Further, BASIC can be instructed to stop and return to the edit mode when the program reaches a certain statement, or when a particular logical condition becomes true. For example, you can tell BASIC to halt the program when a variable takes on a specified value. These are extremely powerful debugging tools which have no equal in any other language. In the sections that follow, I will describe each of these capabilities in detail.

Step and Trace Debugging

Early versions of Microsoft BASIC offered a very primitive trace capability that displayed the line numbers of the currently executing statements. Although this was better than nothing, interpreting a blur of line numbers flashing by on the screen required a lot of mental effort. When Microsoft introduced QuickBASIC version 3.0 they added greatly improved debugging in the form of a step and trace feature. To activate step and trace you would enter a STOP statement at a selected point in the source code. When the program reached that point you could then execute each statement in sequence by pressing a function key. QuickBASIC 3 also provided the ability to display continuously the value of a single variable in a window at the top of the screen.

QuickBASIC 4.0 offered an improved version of this feature, using additional function keys to control how a program proceeds.

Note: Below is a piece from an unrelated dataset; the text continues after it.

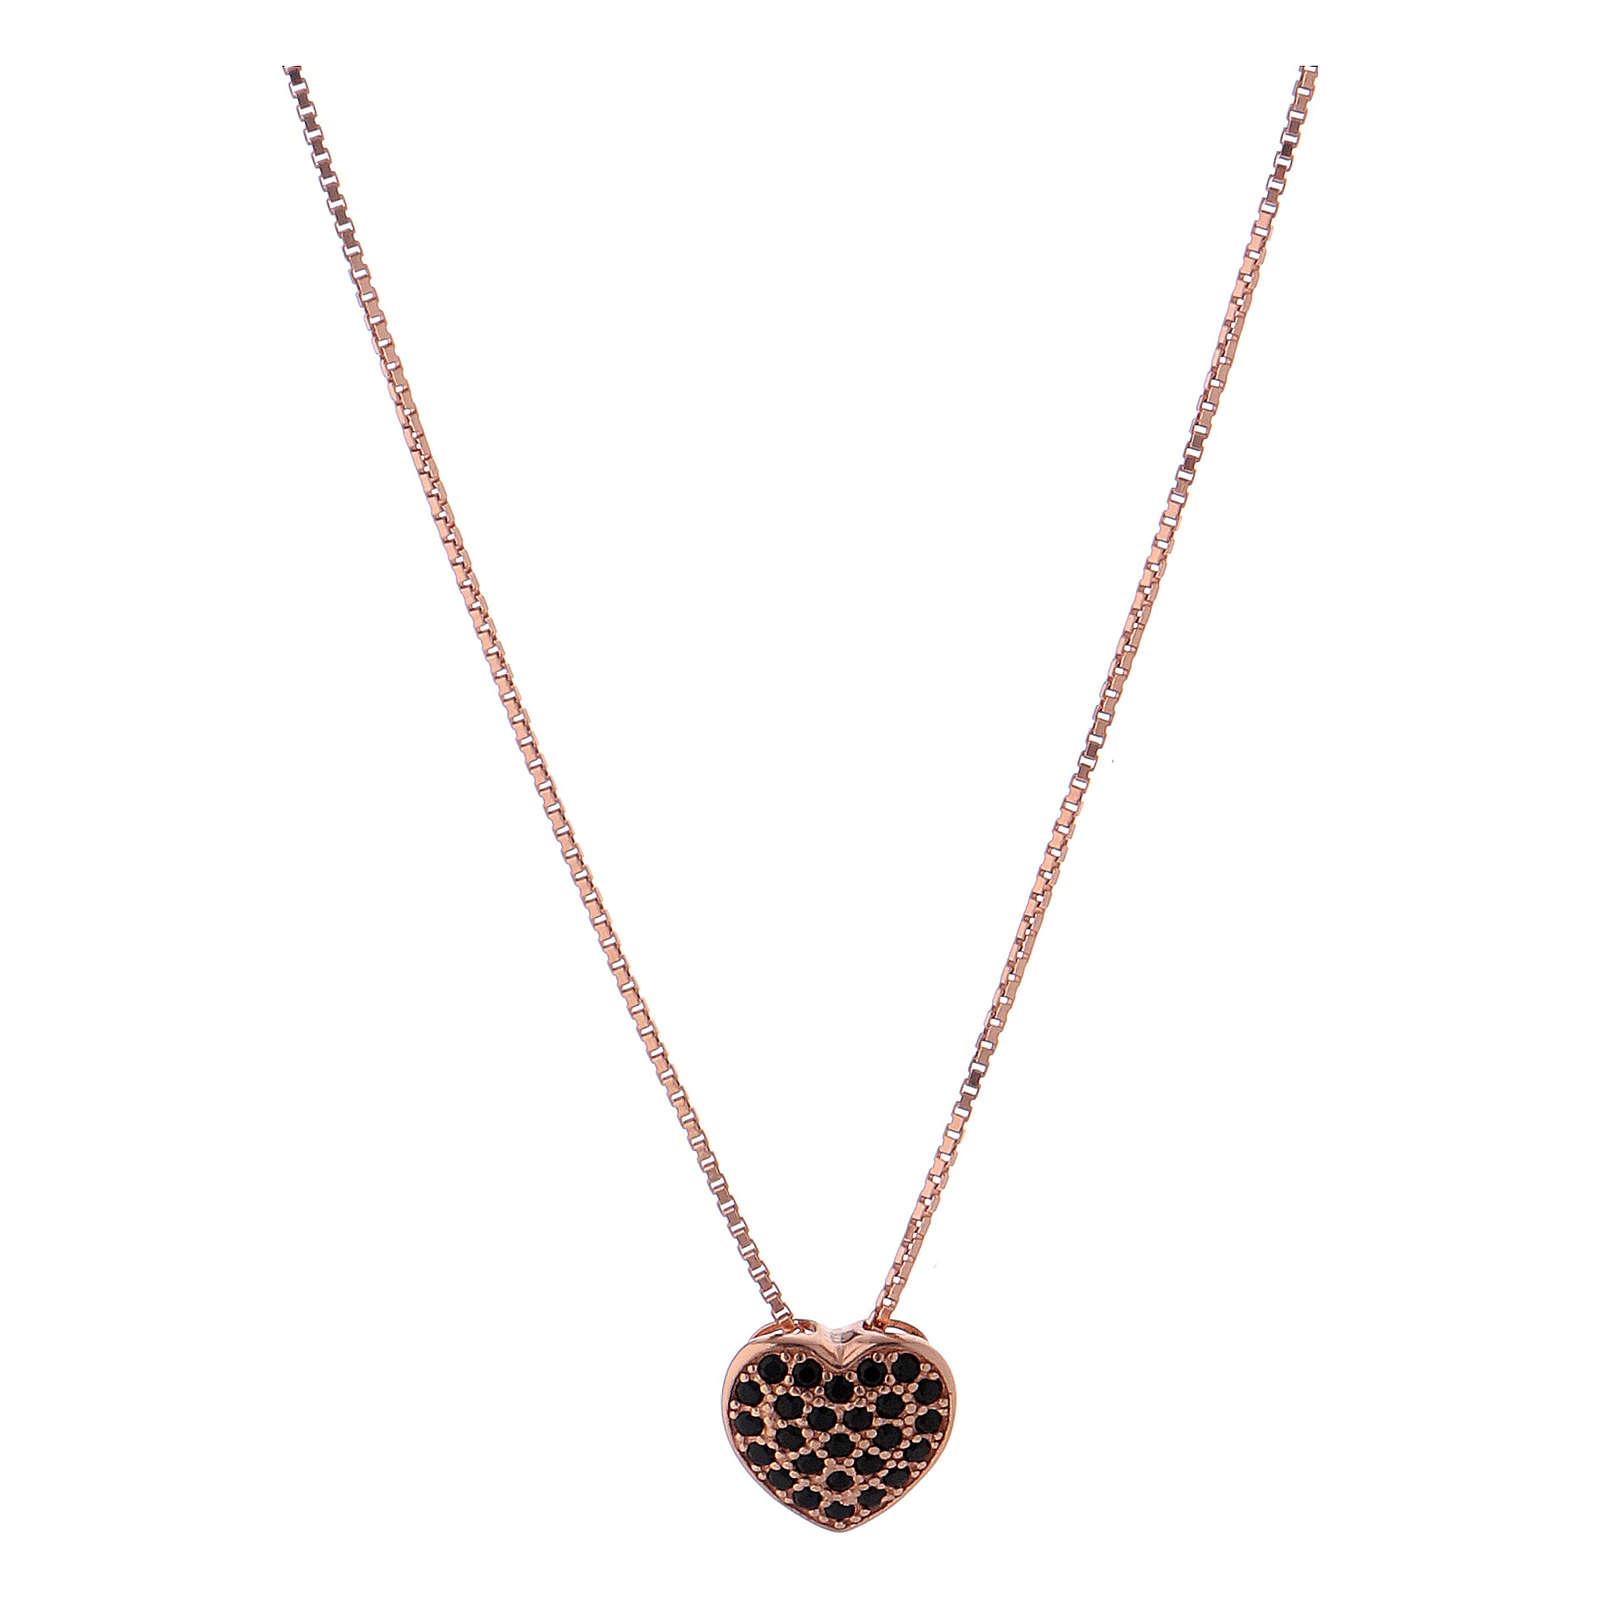 Collar rosado colgante corazón con zircones negros AMEN plata 925 4

This method has been continued with little change through current versions of QuickBASIC and BASIC PDS. Of course, the primary reason you would want to step through a program one statement at a time is to determine why it is not working. For example, if you have code that opens a file for output but the file is never created, you would step through that portion of the code to see which statements are being executed and which are not. In particular, stepping through a program lets you see which path an IF or CASE test is taking.

Two function keys are used to single-step through a program, and four additional options are available to assist program debugging. Each time the F10 key is pressed, the current statement is executed and the program advances to the next statement. If you have just loaded the program being tested, you will press F10 once to get to the first instruction. Pressing F10 again executes that statement, and continues to the next one. If the current statement is related to screen activity, the screen is switched momentarily to display the program's output rather than the source code. The screen is also switched during a CALL statement or function invocation, in case that routine performs screen output. You can optionally toggle between viewing the output and edit screens manually by pressing F4.

In some cases you may want to treat a subroutine as a single statement, which is what F10 does. That is, CALL MySub is handled as single statement, and all of the statements within the routine are executed as one operation. In other cases, however, you may need to trace into a subprogram, GOSUB routine, DEF FN, or function, to step through its statements as well. This is what F8 is for. When F8 is pressed at a CALL or GOSUB statement or function invocation, BASIC traces into the procedure and lets you watch as it executes each statement individually.

Two additional capabilities let you navigate a program more quickly. Pressing F7 tells BASIC to execute all of the statements up to the current cursor location. This way, you are spared from having to watch a long sequences of commands that you know are working correctly. For example, stepping through a FOR/NEXT loop that initializes 1000 elements in an array is usually pointless. Therefore, when you reach that spot in the program you would manually move the cursor to the statement following the NEXT, and press F7.

It is also possible to force execution to a particular point in the program using the "Set next statement" option of the Debug menu. Unlike F7, though, the statements that precede the selected line will not be executed. Therefore, this option is equivalent to adding a temporary GOTO to the program, causing it to jump to the specified line.

One of the most powerful features of the BASIC editor is that you can actually modify your program, then resume execution. In earlier versions of QuickBASIC, making even the slightest change to a program--even if only to a single comment--the entire program would have to be recompiled. BASIC can now preserve variable values and indeed the entire program state during most types of editing operations.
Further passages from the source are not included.